··· PROVIDED DATA ···
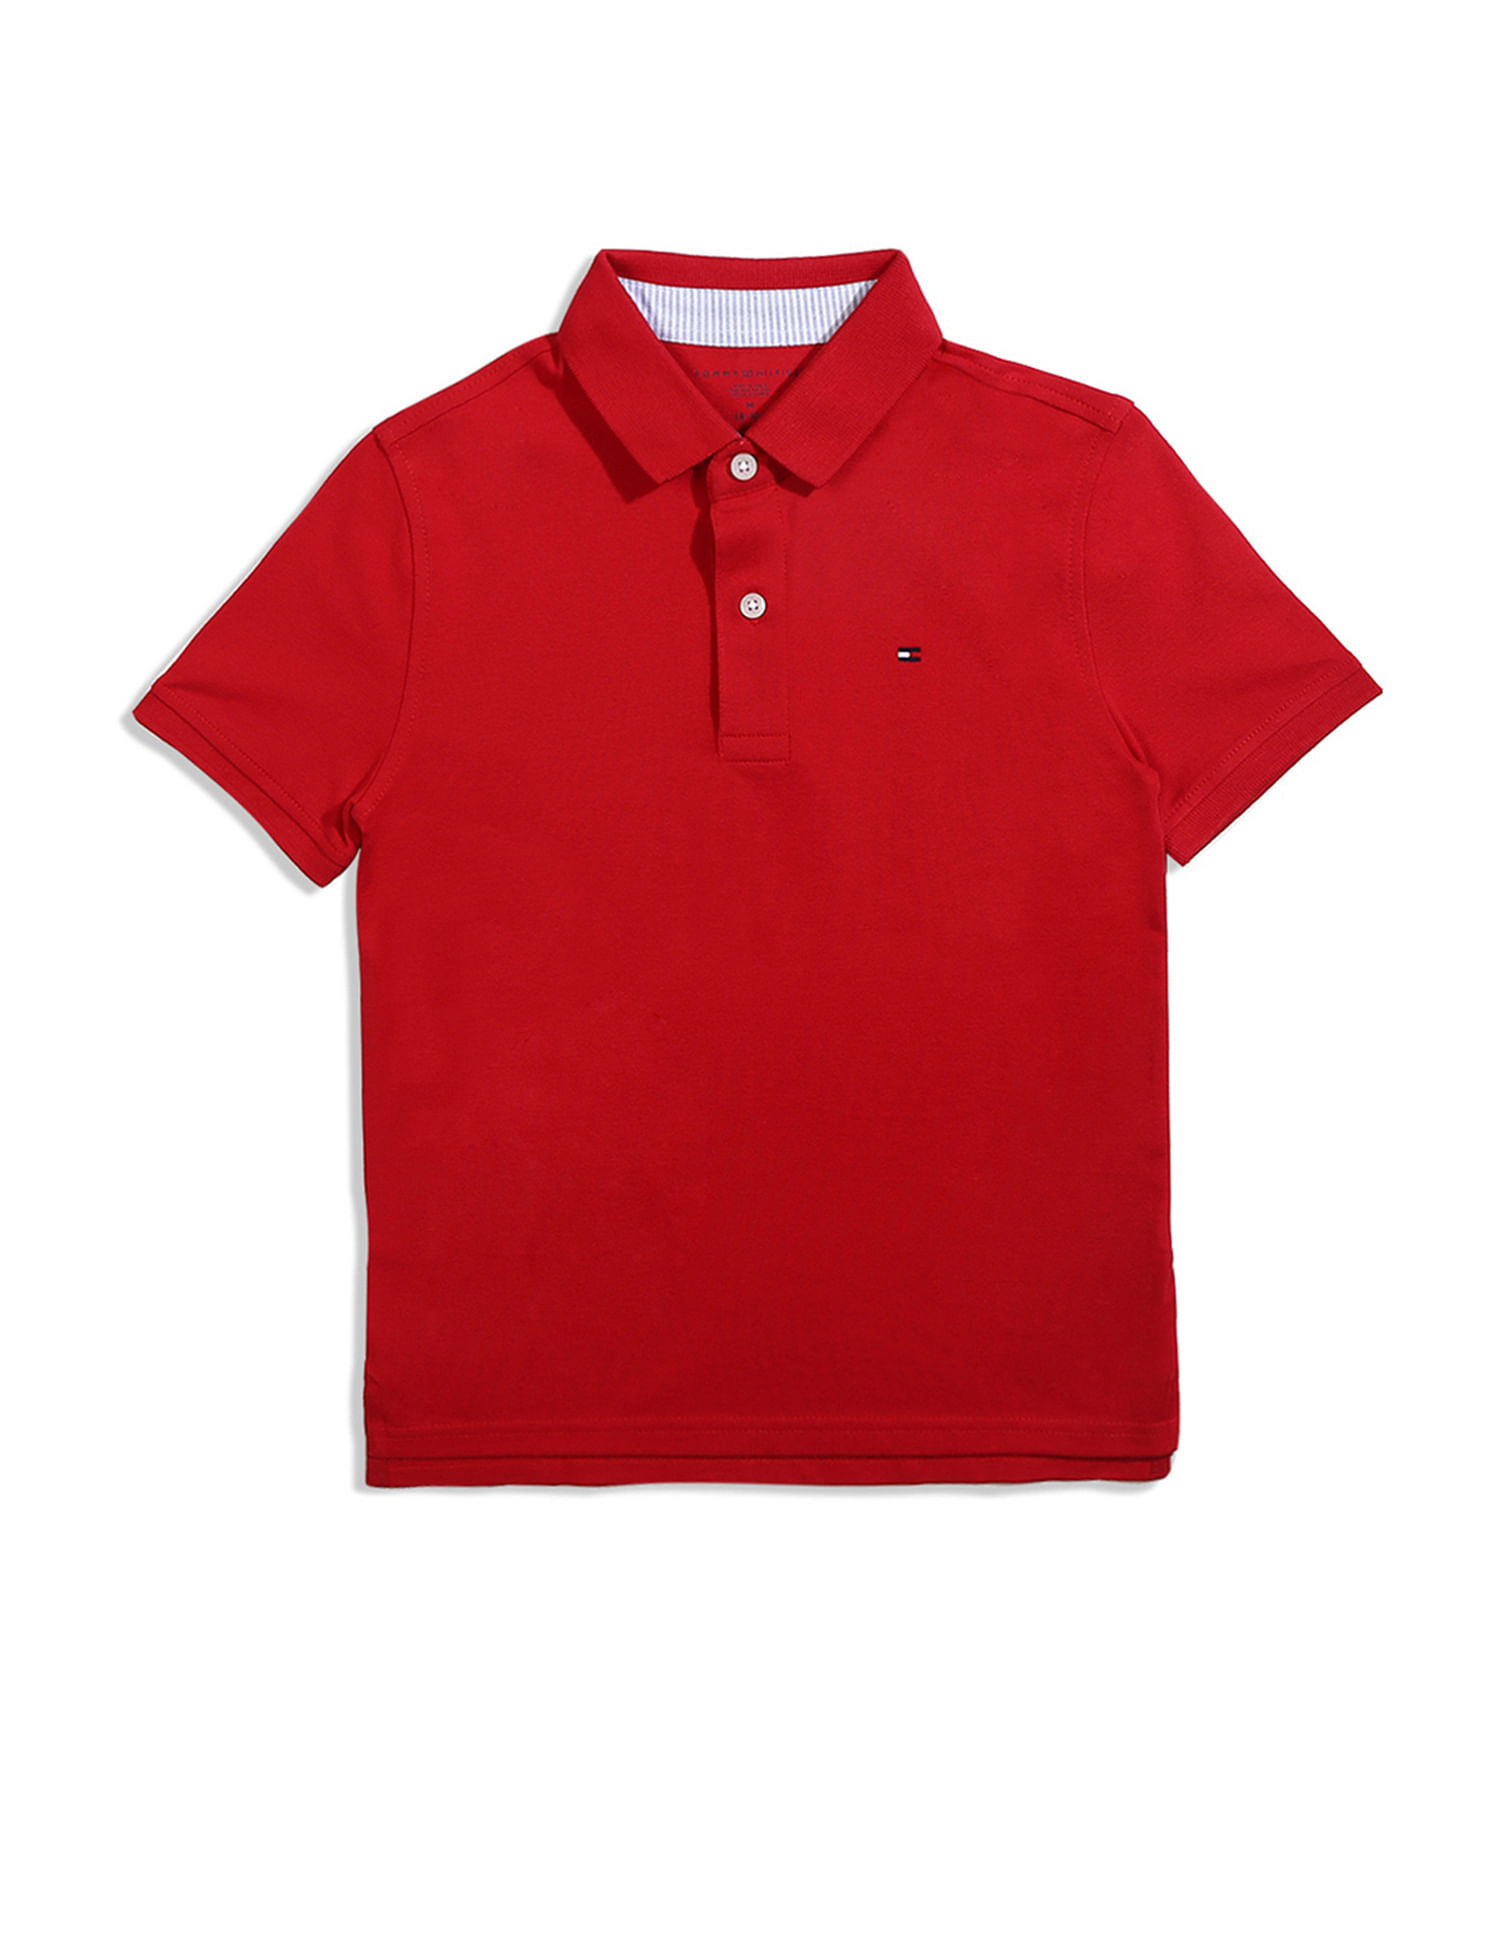 Buy Tommy Hilfiger Kids Solid Stretch Polo Shirt - NNNOW.com
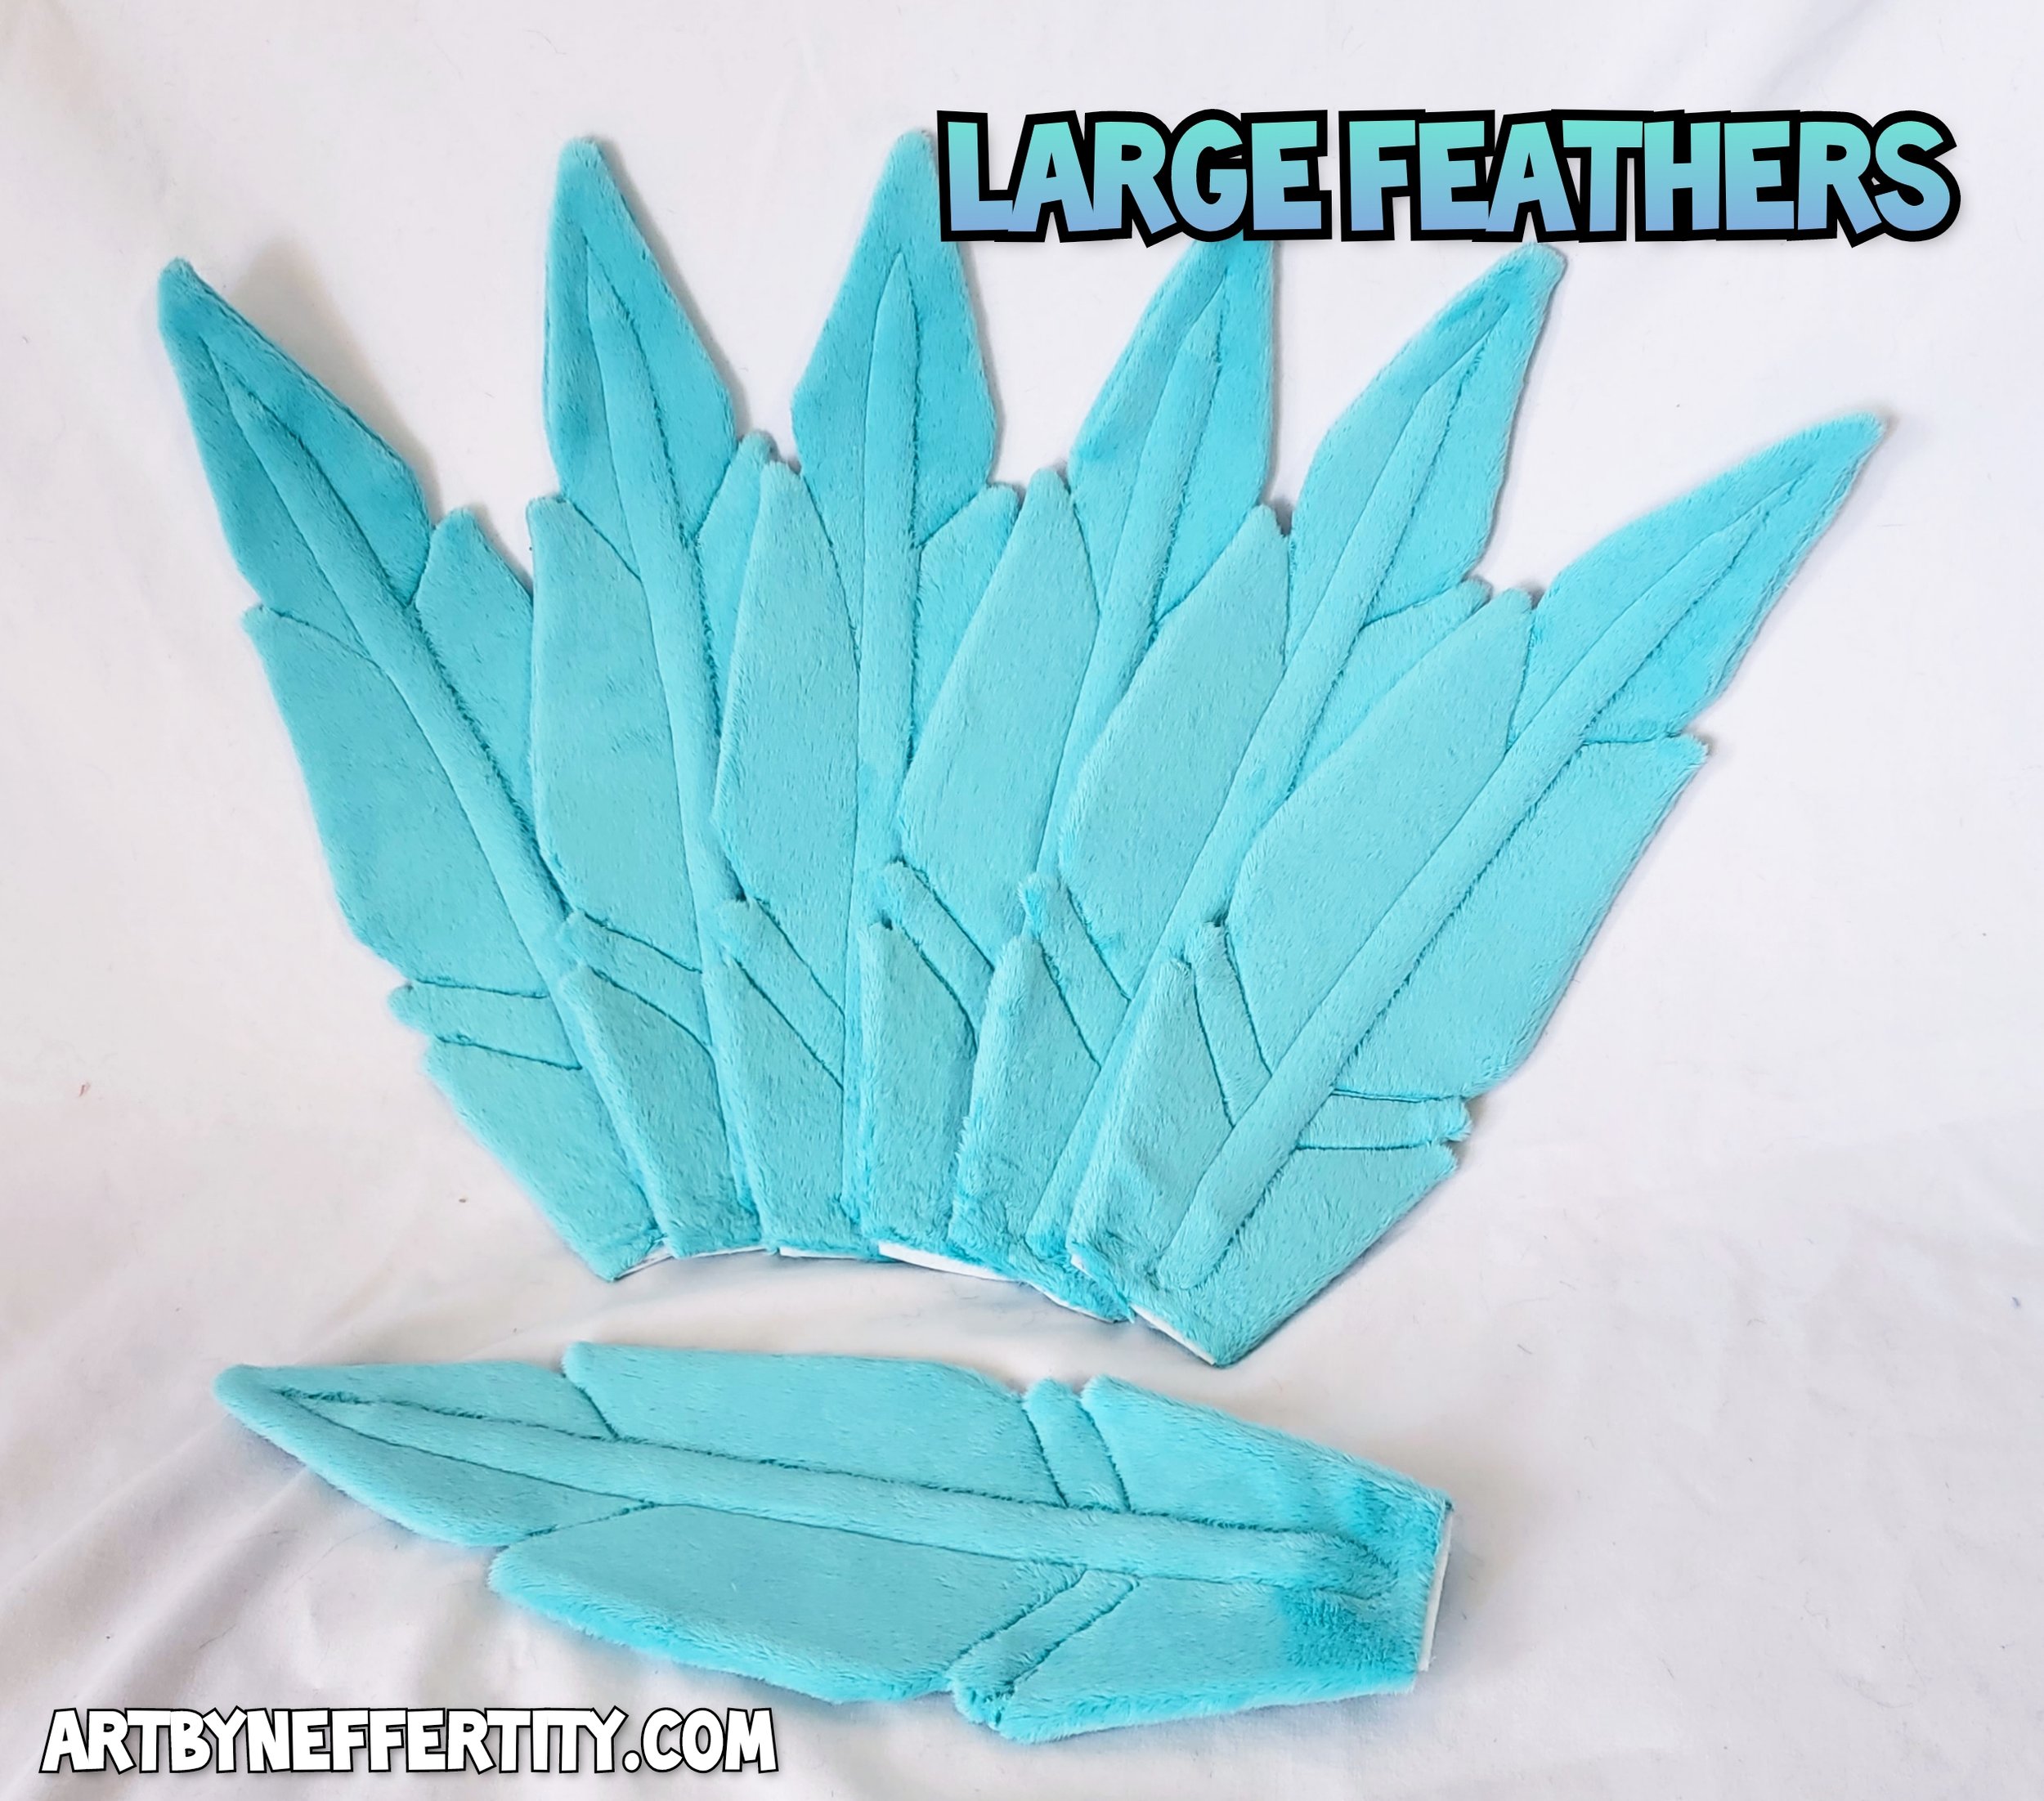 Large_Feathers.jpg
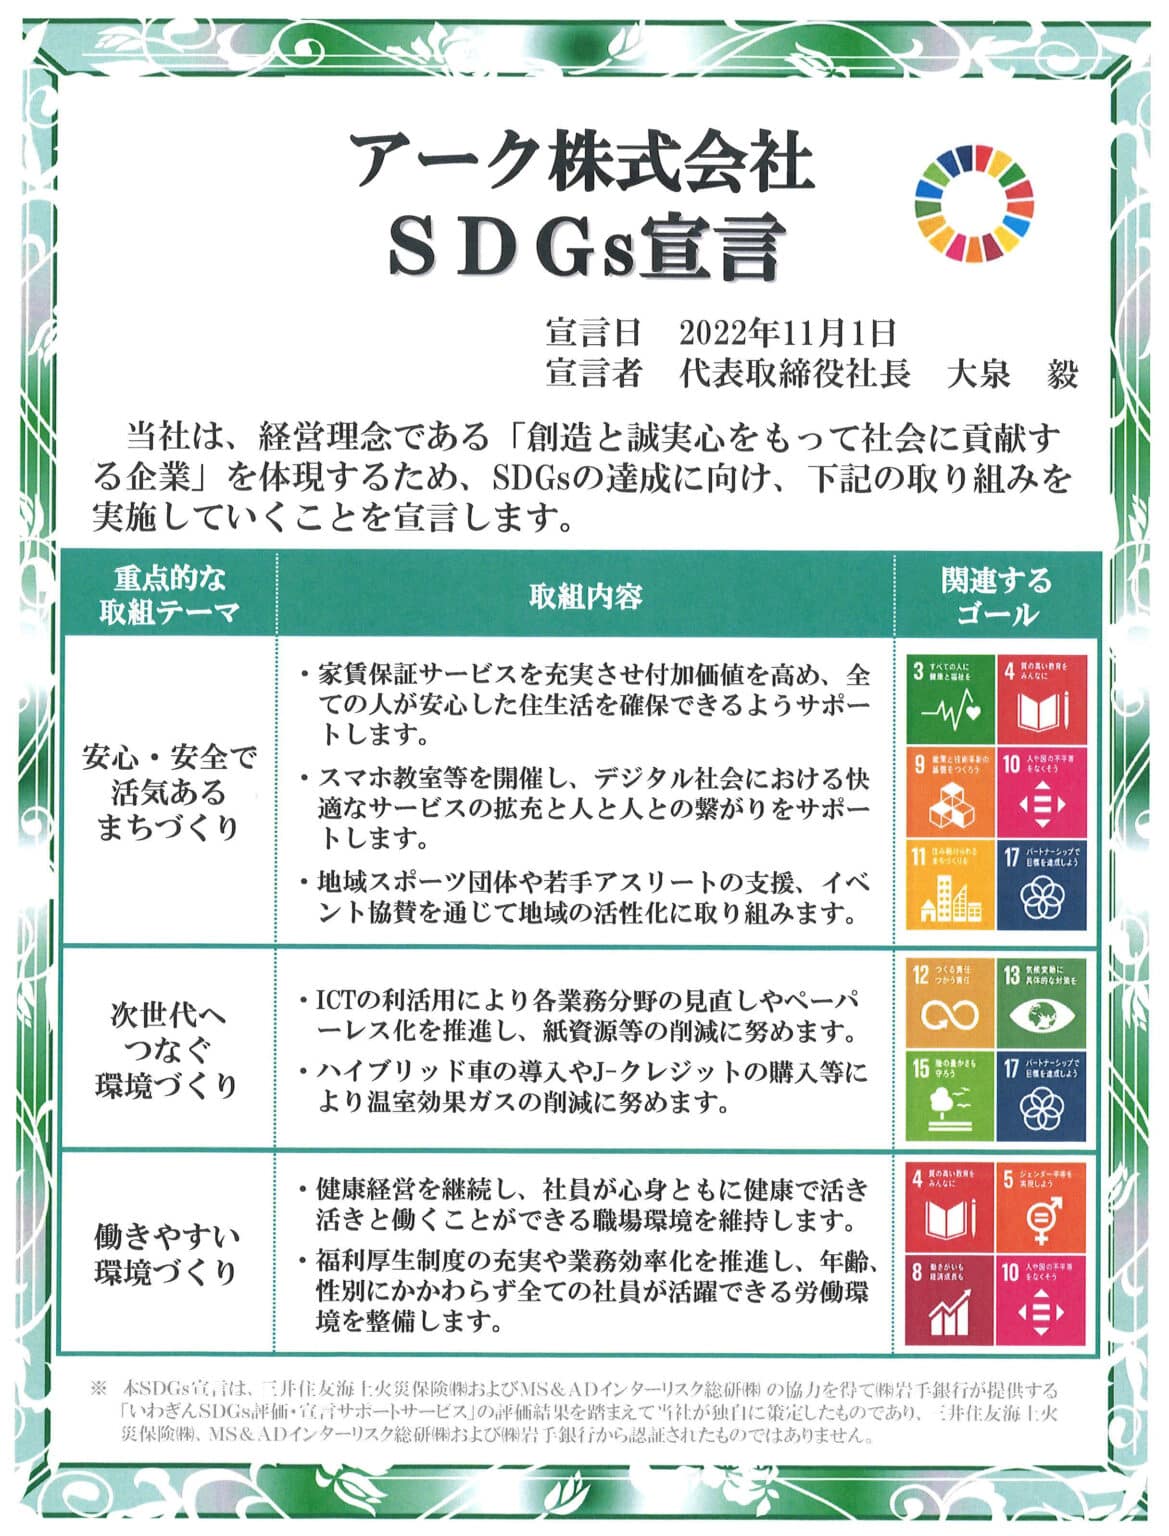 アーク株式会社SDGs宣言
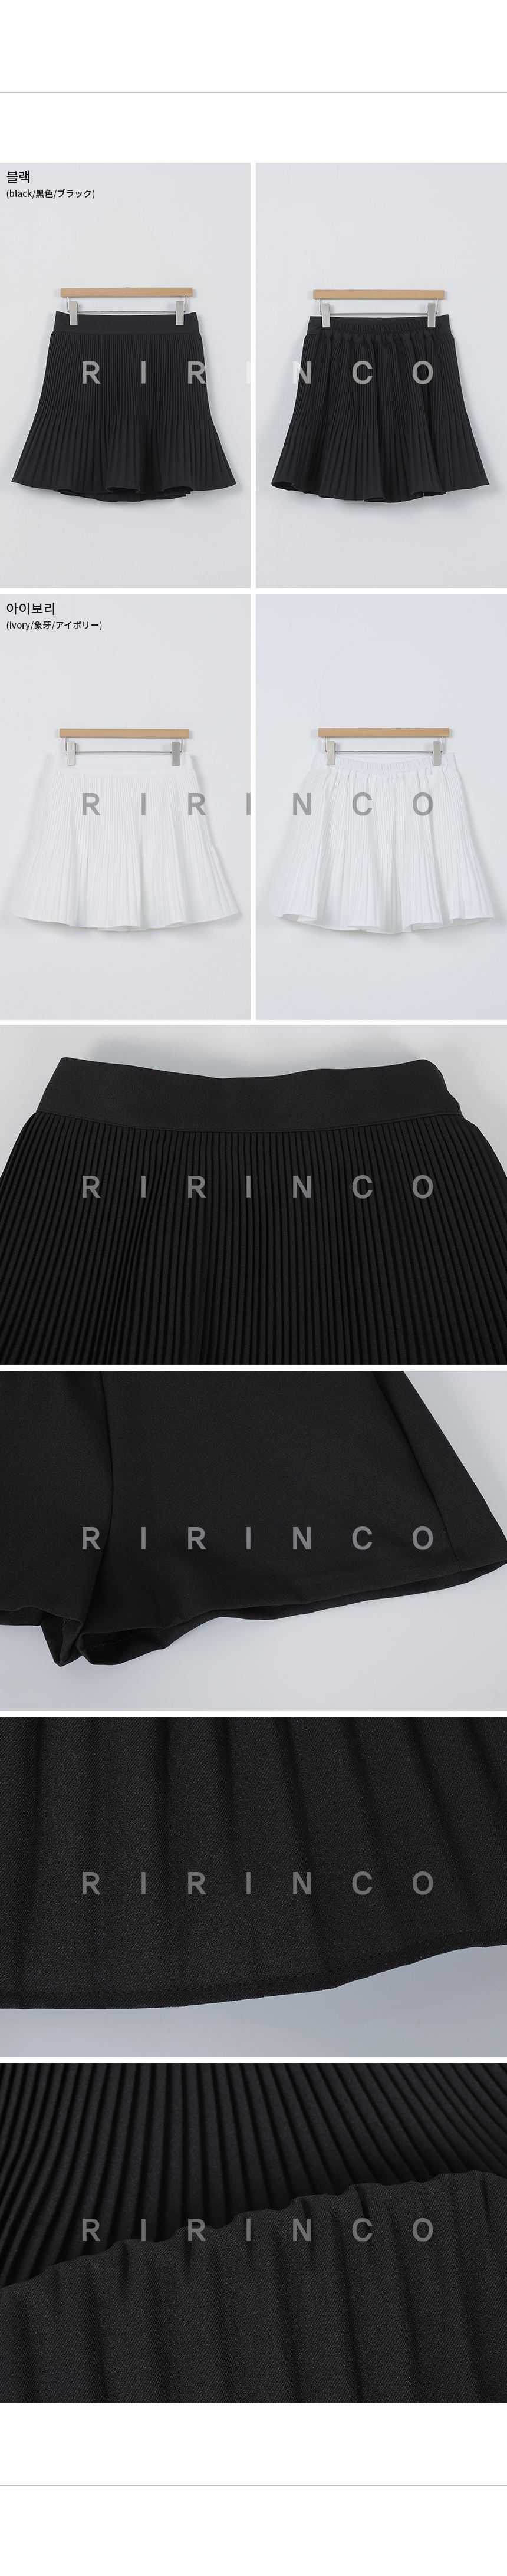 RIRINCO プリーツバックゴムフレアミニスカート(インナーパンツ付き)
···
* _TRY IT_
Would you print all of the material exactly as written, minus the pictures?

* _OUTPUT OF THE EXERCISE_
 Buy Tommy Hilfiger Kids Solid Stretch Polo Shirt - NNNOW.com
 Large_Feathers.jpg
 アーク株式会社SDGs宣言
 RIRINCO プリーツバックゴムフレアミニスカート(インナーパンツ付き)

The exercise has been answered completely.